In May 1966, it converted into Malaysia-Singapore Airlines (MSA). In 1968, first time ever happened, its annual revenue had hit up to S$100 million. At the same time, the sarong kebaya uniform were introduced for the Singapore Girl, which was designed by French couturier Pierre Balmain. In 1972, “MSA” has split into 2 new entitles; Singapore Airlines and Malaysian Airlines. The following years was committed to expansion and strengthening the newly form Singapore Airlines. In order to produce more proficient services at Paya Lebar Airport, Singapore Airport Terminal Services (SATS), was set up. On 1 July 1981, the services was shifted from Paya Lebar to the new Singapore Changi Airport. Two years later, Airline House, Singapore Airlines corporate headquarters in the Changi Airfreight Centre was officially opened. Singapore Airlines became the first airline to operate a B747-400 on a commercial flight across the Pacific.

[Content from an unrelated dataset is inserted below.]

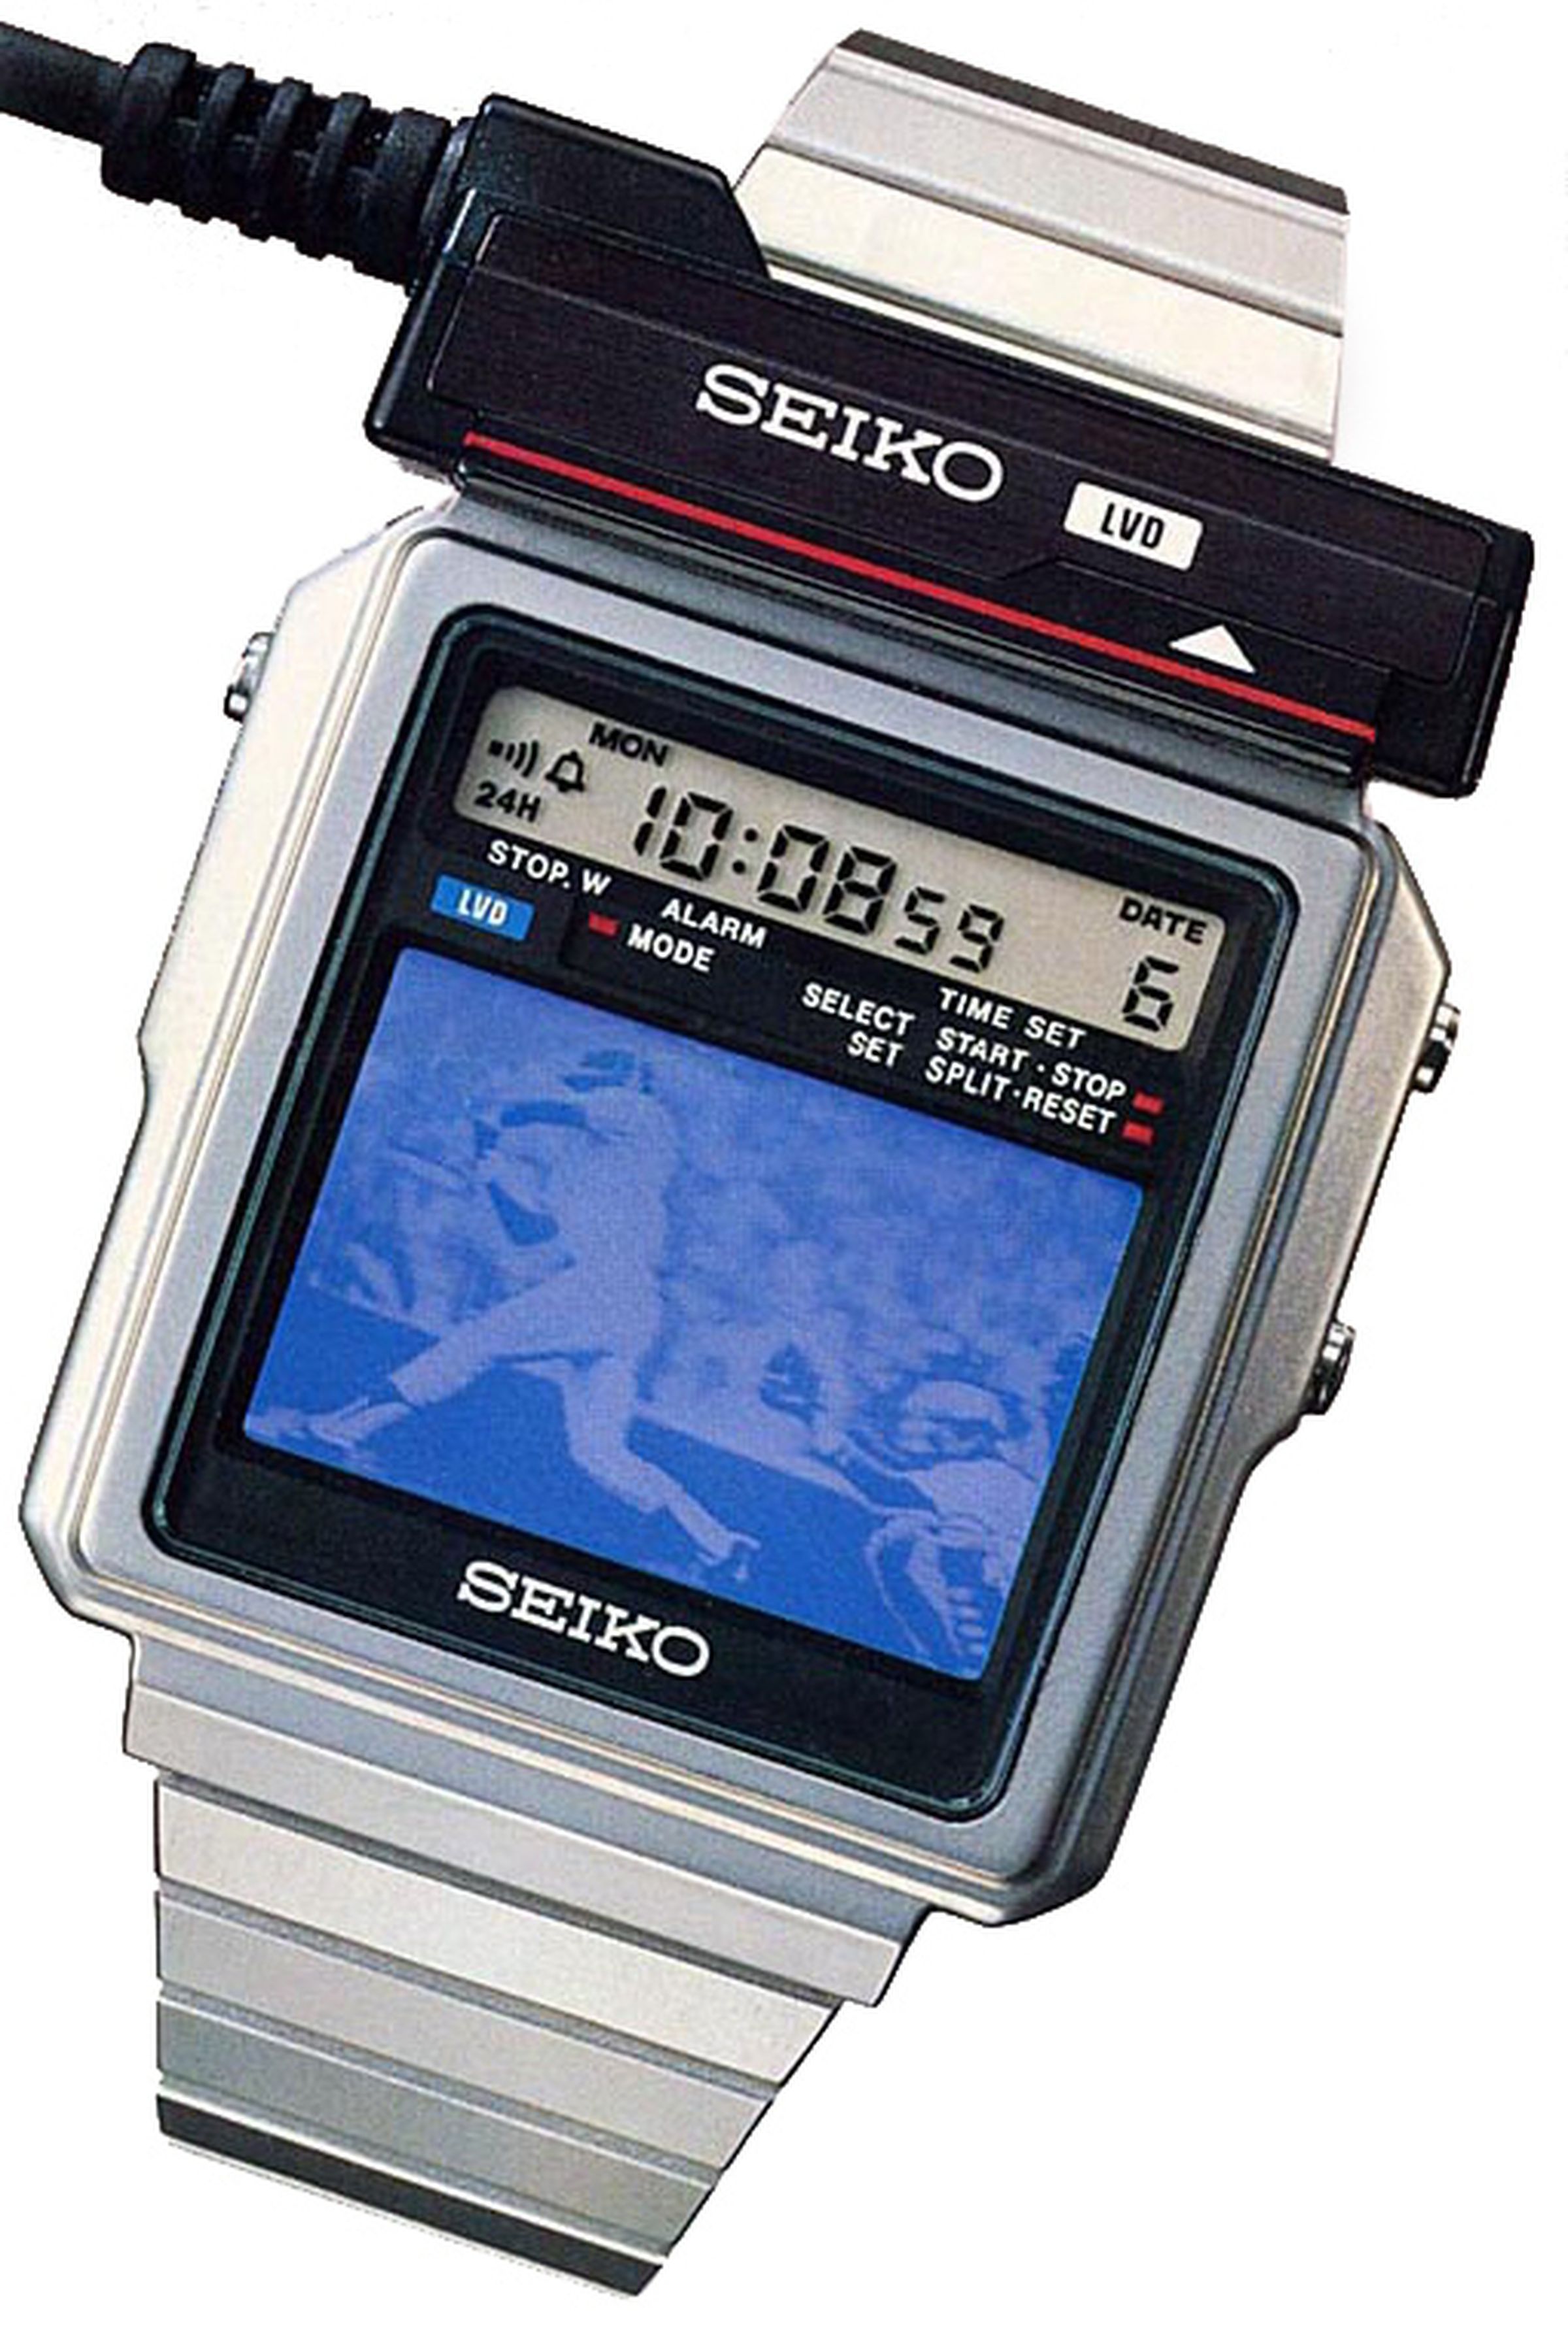 The Seiko T001.
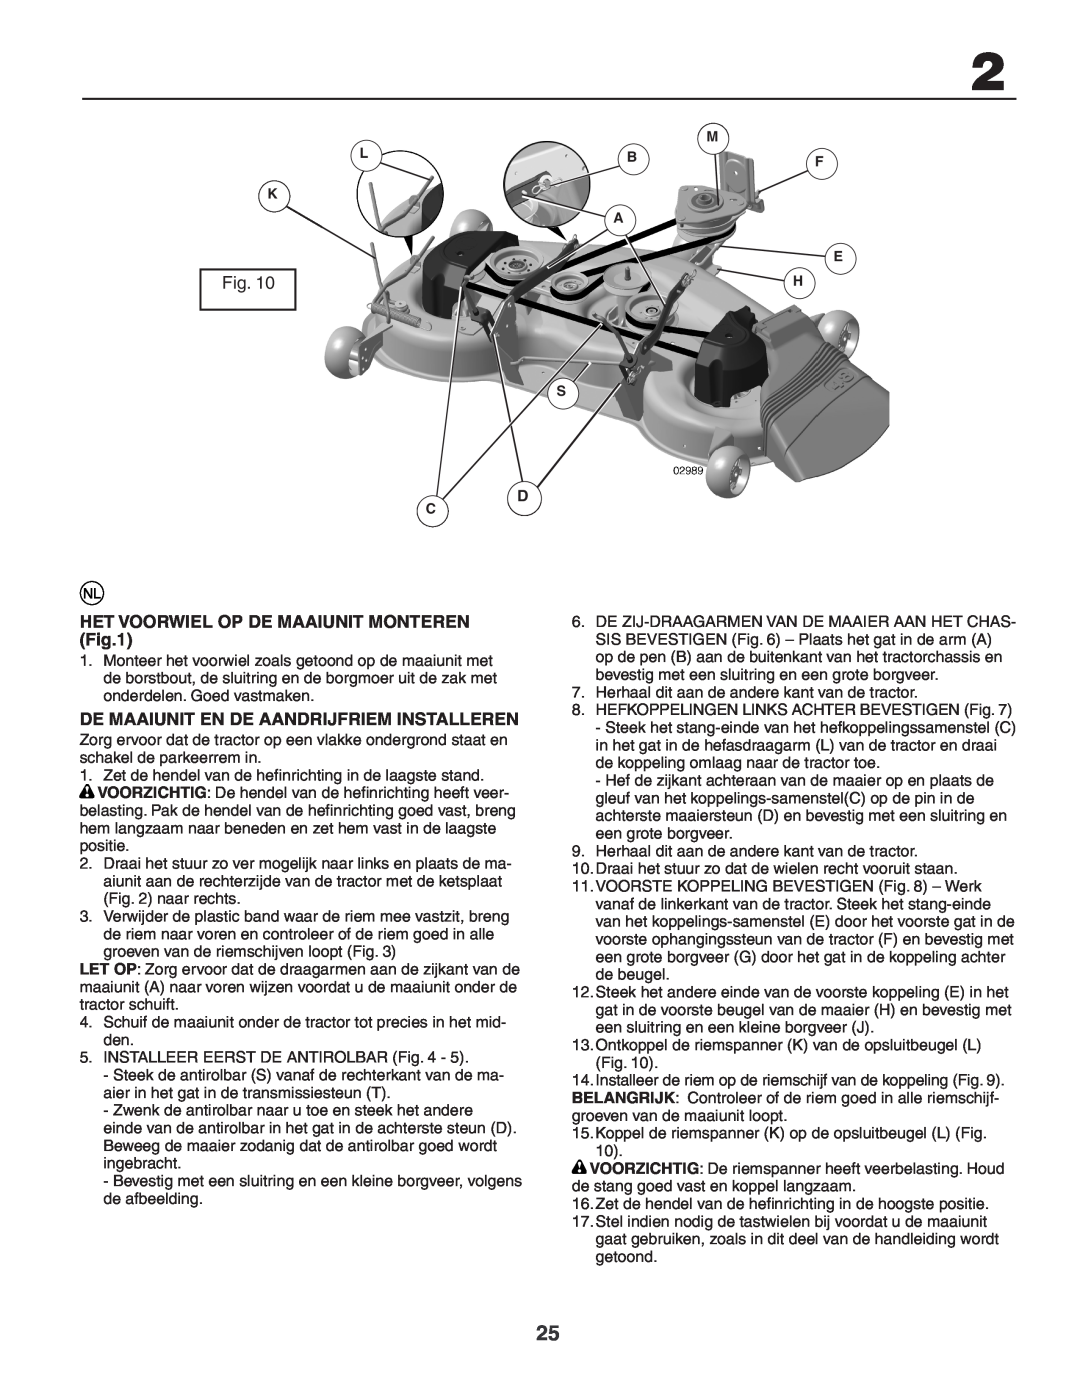 Husqvarna GTH260XP instruction manual Het Voorwiel Op De Maaiunit Monteren, De Maaiunit En De Aandrijfriem Installeren

Furthermore, “Tradewinds”, a Singapore Airlines subsidiary, became Singapore’s second airline in February 1989 who has a nickname called “silkAir” which has an established network of more than 30 destinations in the region. On 22 November 1990, with the arrival of SQ23 from Amsterdam, Singapore Airlines embark operations from the new Terminal 2 at Singapore Changi Airport. In September 1998, Singapore Airlines instill new standards in air travel by launching a new suite of products and services that worth S$500 million across all there classes of travel that offers better standards and comfort. In 1989, Singapore Airlines (SIA) launched KrisFlyer, its first exclusive programme that consist of First, Business and Economy Class customers to earn mileage credits.
In February 2004, SIA set up a new record for the world’s longest non-stop commercial flight from Singapore to Los Angeles. Furthermore, in October 2006, SIA launched a wide-ranging suite of new range of cabin products containing the world’s widest First and Business Class full-flat seats products, as well as new Economy Class seat, and the next generation of the award-winning Krisworld inflight leisureliness system. In addition, SIA was the first airline to operate out of Changi Airport Terminal 3 in January 2008. In the present day, SIA operates out of both Terminal 2 and Terminal 3. In August 2008, SIA infuse a all-Business Class non-stop service to Los Angeles. Moreover, 21 January 2009, SIA obtained the first of 19 new A330-300 aircraft in Toulouse, France. This aircraft consist of two-class layout, with 30 new Business Class seats and 255 Economy Class seats.
‘ SWOT Analysis ‘
As part of our commitment to corporate governance principles, Singapore Airlines attaches a very high priority to ethical business conduct in the markets in which we operate. We engage employees, contractors and agents on the basis that their integrity in the conduct of their work is critical to our business and reputation. We welcome your comments, questions and thoughts about our Company’s ethics and integrity. Your comments will be treated in confidence. Send to: [email protected] or contact us, 24 hours a day, on +65-9387 5667
As part of efforts to help strengthen Singapore’s image as a world-class cultural and sporting event city, the Singapore Airlines International Cup horse race was established in 2000. With an annual sponsorship of S$3 million, the event draws participation of top horses and renowned jockeys from all over the world.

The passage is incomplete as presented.